Boasting a remarkable 32,510-acre surface area and a 520 mile shoreline, scenic Lake Norman Southwest is the largest body of fresh water in North Carolina. The lake was created in 1967, when the Duke Power Company established the Cowan's Ford Dam on the Catawba River. A whopping 34 miles long and 8 miles across at its widest point, Lake Norman Southwest is twice the size of the Sea of Galilee. Its deepest point measures 130 feet down and holds 3.4 trillion gallons of water.
The history of residential life in the area can be traced back to the 1700s when the Cherokee Indians inhabited the west shore of Lake Norman. The first known settlers in this region, most of whom were German and Scotch-Irish, came from Pennsylvania in 1747. They were Adam Sherrill and his family of 8 sons. Two years later, John Beatty joined them. By 1750 communities had been established all along the perimeter of the lake. Twenty years later, the city of Denver was established, but it was not known by that name until a local school's principal dubbed it so in 1873. Until then the area was known as "Dry Pond" because of its proximity to nearby marshland. At this time the locals expected Denver to become a booming town of culture and industry, as plans were in the works for a railroad to run right through the area. Although they were dismayed when these arrangements derailed, the resulting community was a peaceful cluster of waterside homes and businesses, creating the self-sustained yet relaxed society it remains today - nearly a century and a half later.
One subject of history that lends to much pride in the area is the number of momentous Revolutionary War events that occurred in and around Lake Norman Southwest, which itself resides directly above the landmark of the Battle of Cowan's Ford. This is just one example of the area's contribution to the foundation of the American nation.

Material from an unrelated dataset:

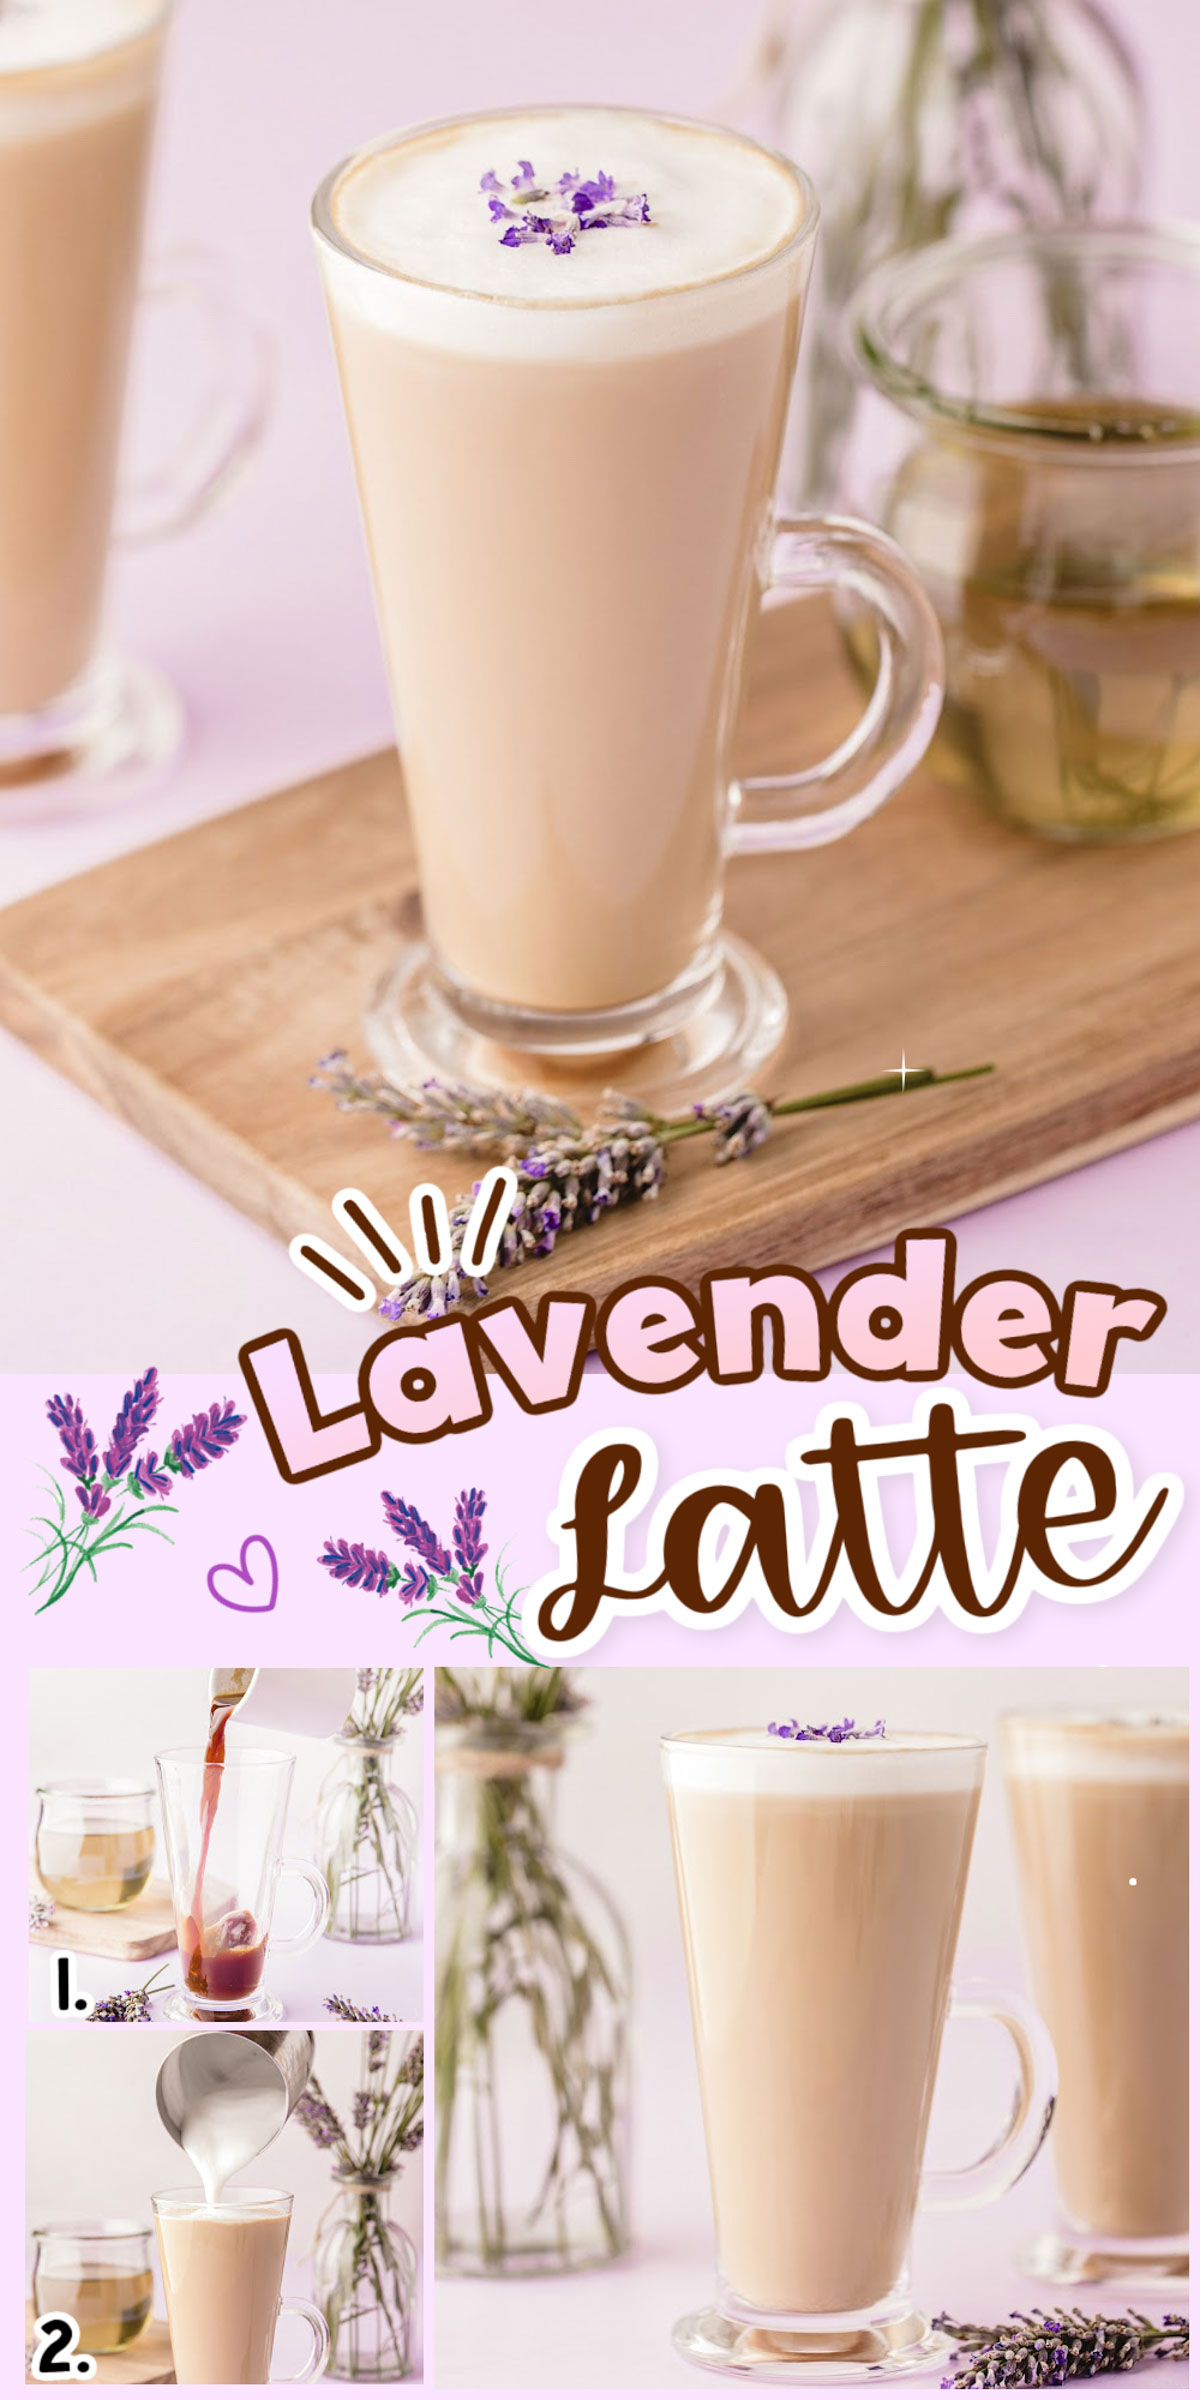 This Lavender Latte is a creamy hot drink that's made right at home with espresso, milk, and sweetened aromatic lavender syrup! Make this homemade floral latte in just 5 minutes! via @sugarandsoulco

The sense of community and dignity that Lake Norman Southwest was founded on is still evident in the area today. With plans in the works to widen Route 16, locals expect to see even more residential and business growth on their corner of the massive lake. The idea is embraced, thanks to the careful consideration of the home designers and neighborhood planners who keep the integrity of the landscape and history of Lake Norman Southwest in tact with each new addition.